Select CA: p is equivalent to give up give up a distributed system, exists only in stand-alone system
selection CP: that is, choose partition tolerance and strong consistency, allowing a temporary service is not available in extreme cases.
Select AP: allows short data inconsistency, inconsistent scenes registered in the short-term service data, will not affect the service. Therefore, the use of AP principle of micro registry service is more appropriate choice.

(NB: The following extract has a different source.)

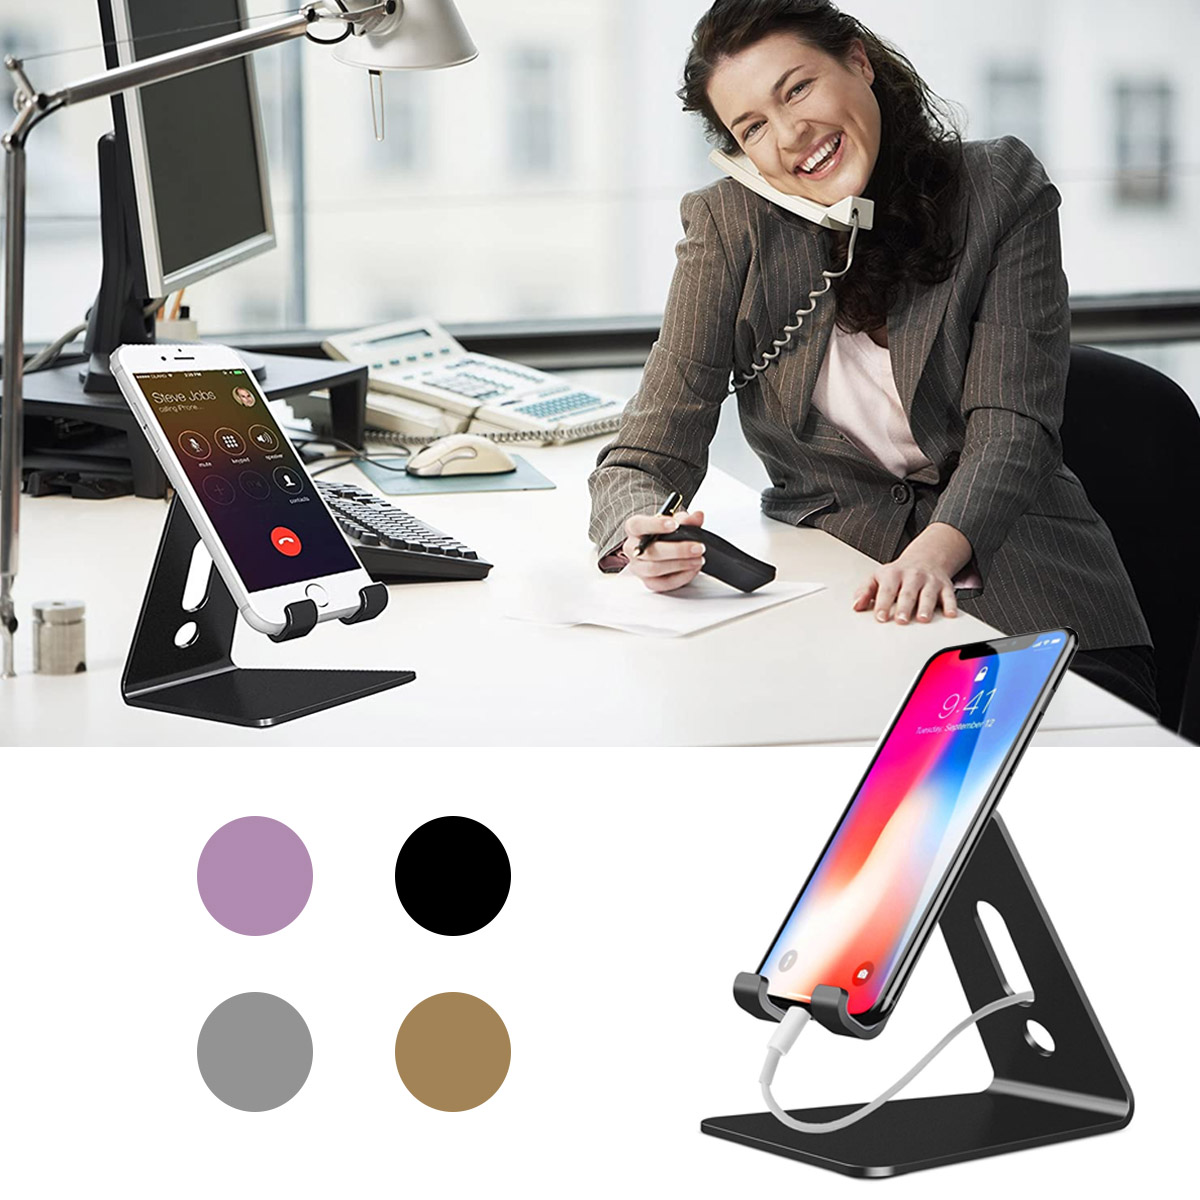 Soporte De Aluminio Portátil Para Celular Tablet IPad IPhone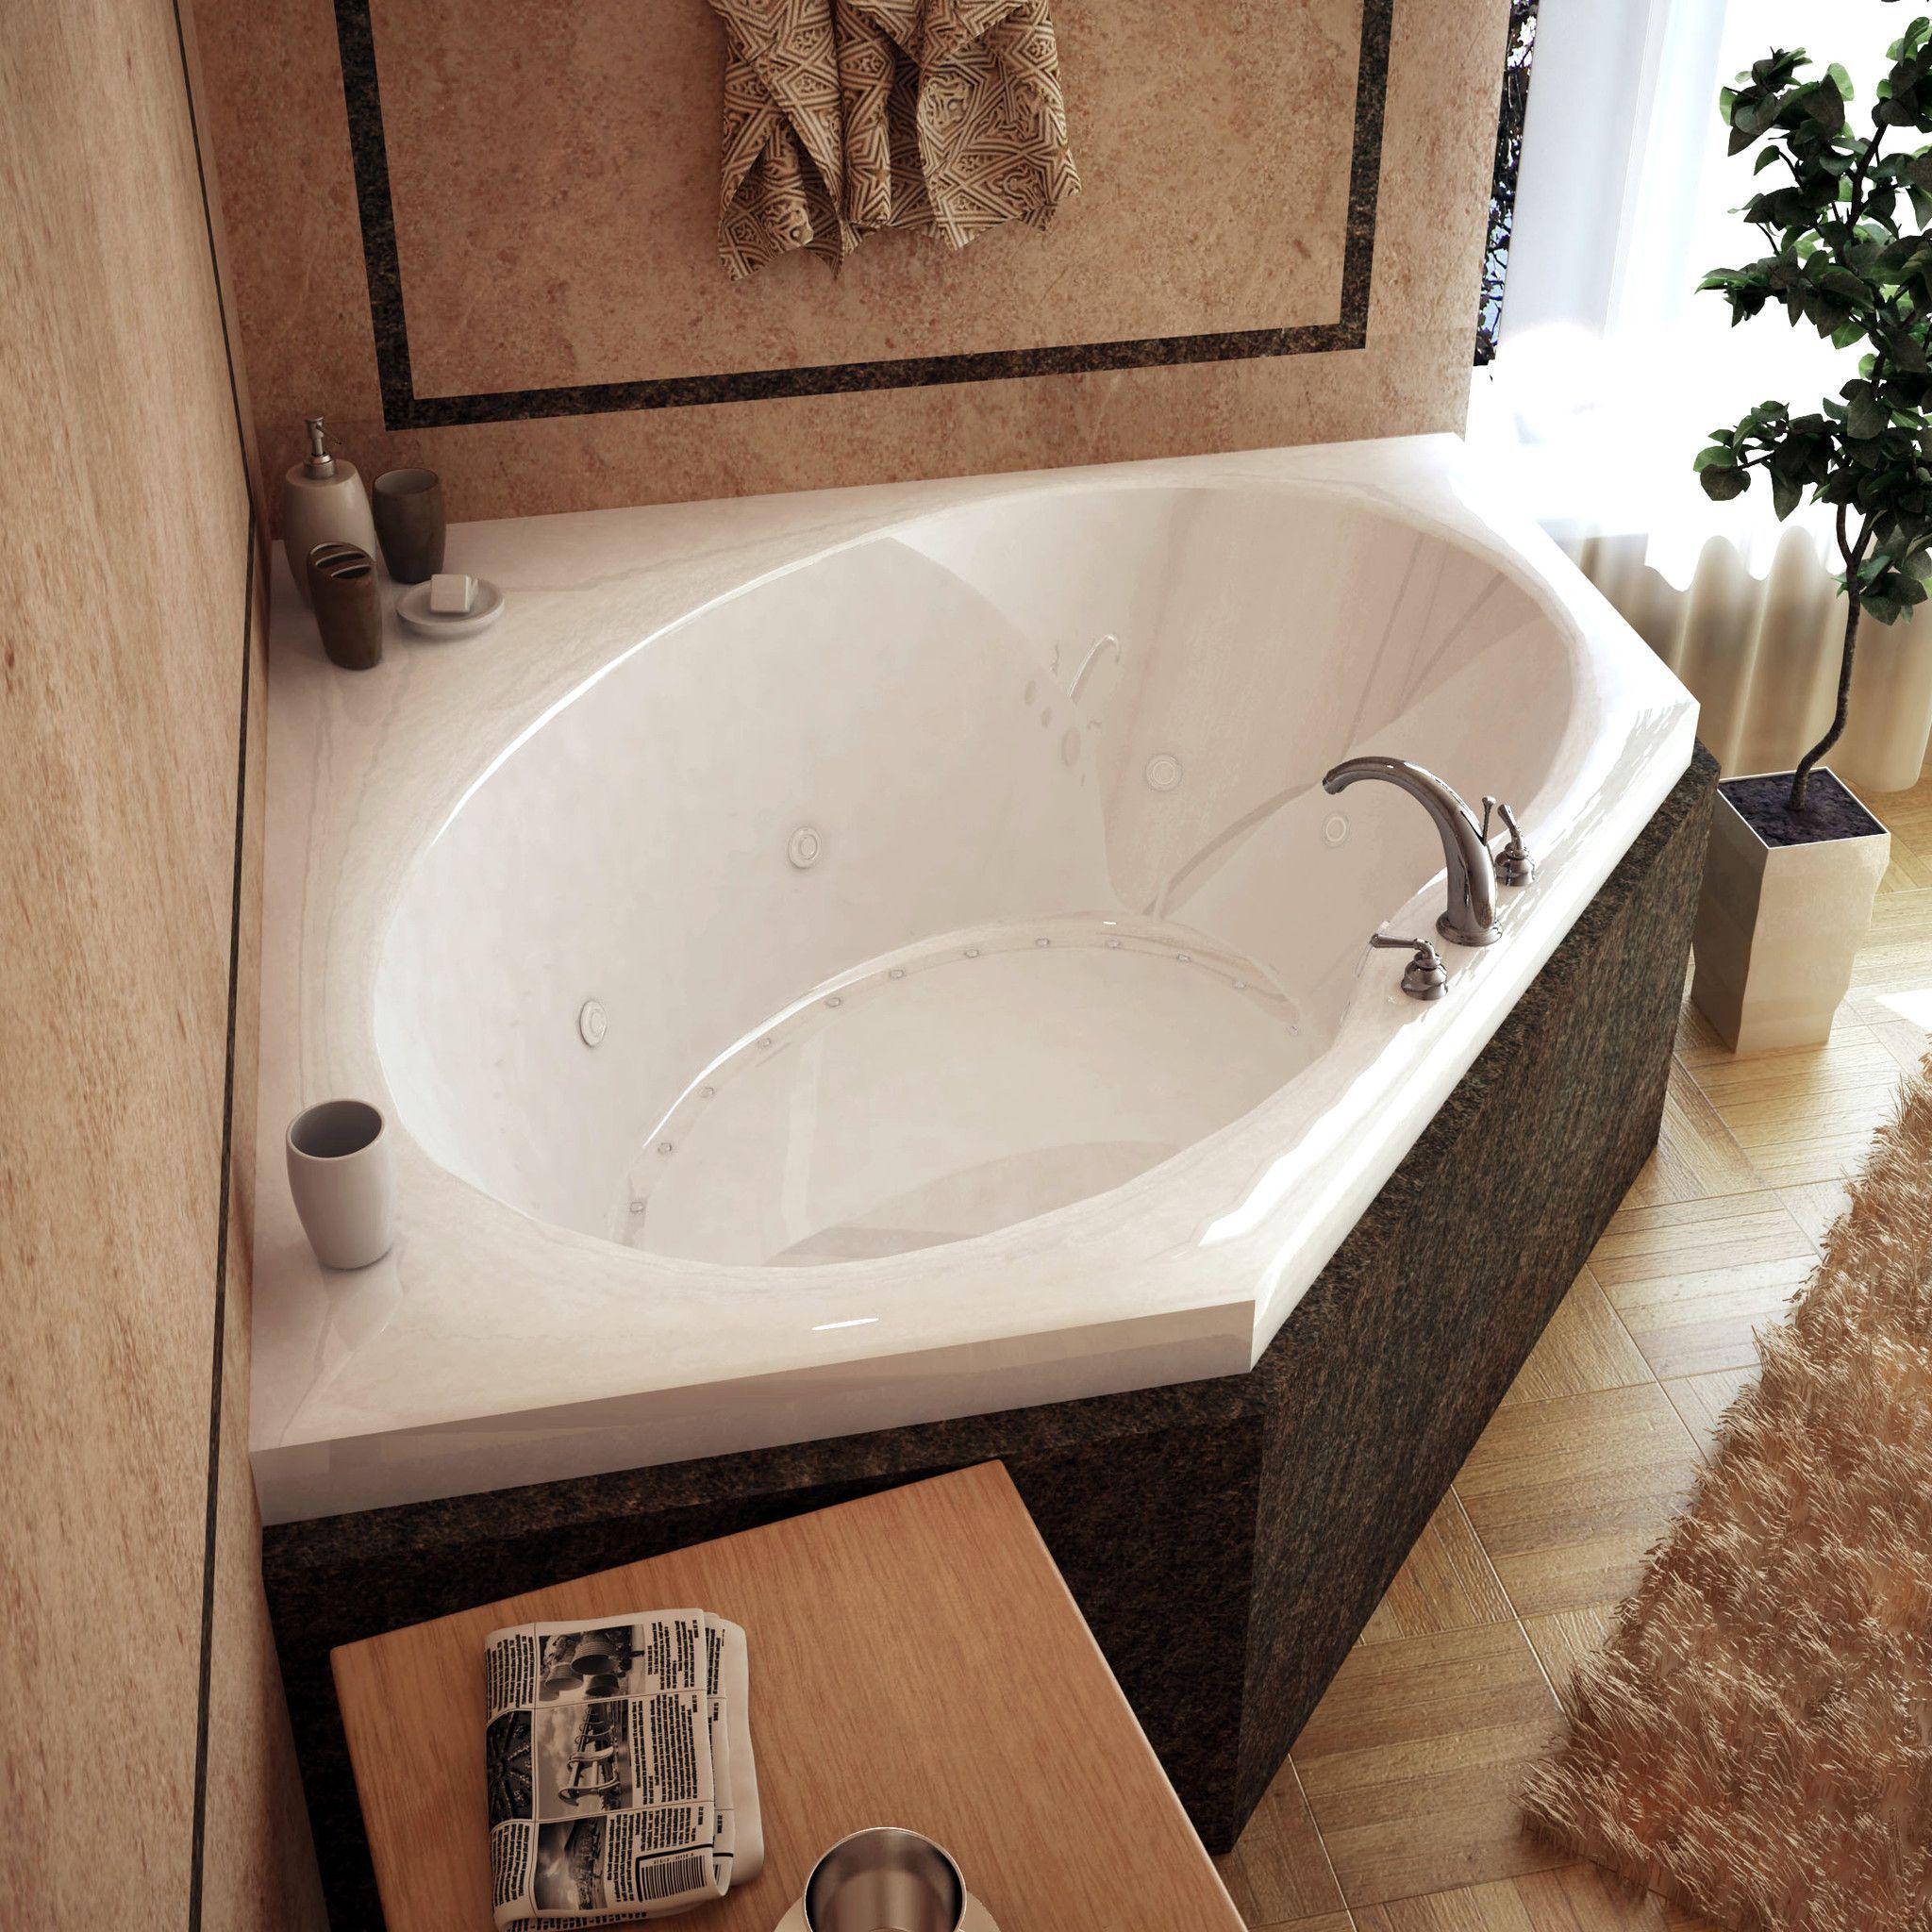 Atlantis Whirlpools 6060SAR Sublime 60 x 60 Corner Air Jetted Bathtub

Then, introduce BASE theory, shown at the bottom of the vocabulary, the basic Basically Available BASE means available, Soft-state soft-state (the state not allowing a short time synchronous, asynchronous), Eventual Consistency final consistency, it is CAP Consistency and the results of usability tradeoffs, the core idea is that even if BASE can not do strong consistency, also be based on system characteristics, appropriate way to achieve eventual consistency. Based on this theoretical knowledge, as long as we do the final consistency problem can be solved in a distributed system. In a distributed system, the most important thing is to meet business needs, rather than the pursuit of abstract, absolute system characteristics.

If you feel or do not understand the proposed reference framework of the CAP this article: https://www.cnblogs.com/savorboard/p/base-an-acid-alternative.html

 

Two, Scene

A picture is worth a thousand words:

 

 

Third, the solution analysis

solution:

(1) rigid Affairs

  Global transaction (standard distributed transaction)

  Pros: Strict ACID;

  Disadvantages: the efficiency is very low (under micro-architecture have been less appropriate service)

  Reasons: 1) the global transaction mode, the global transaction manager (TM) commit protocol (2PC) and resource layer (e.g., interacting with the database) by using the two XA interface stage. Use global transactions, data lock time across the entire transaction until the end of the global transaction.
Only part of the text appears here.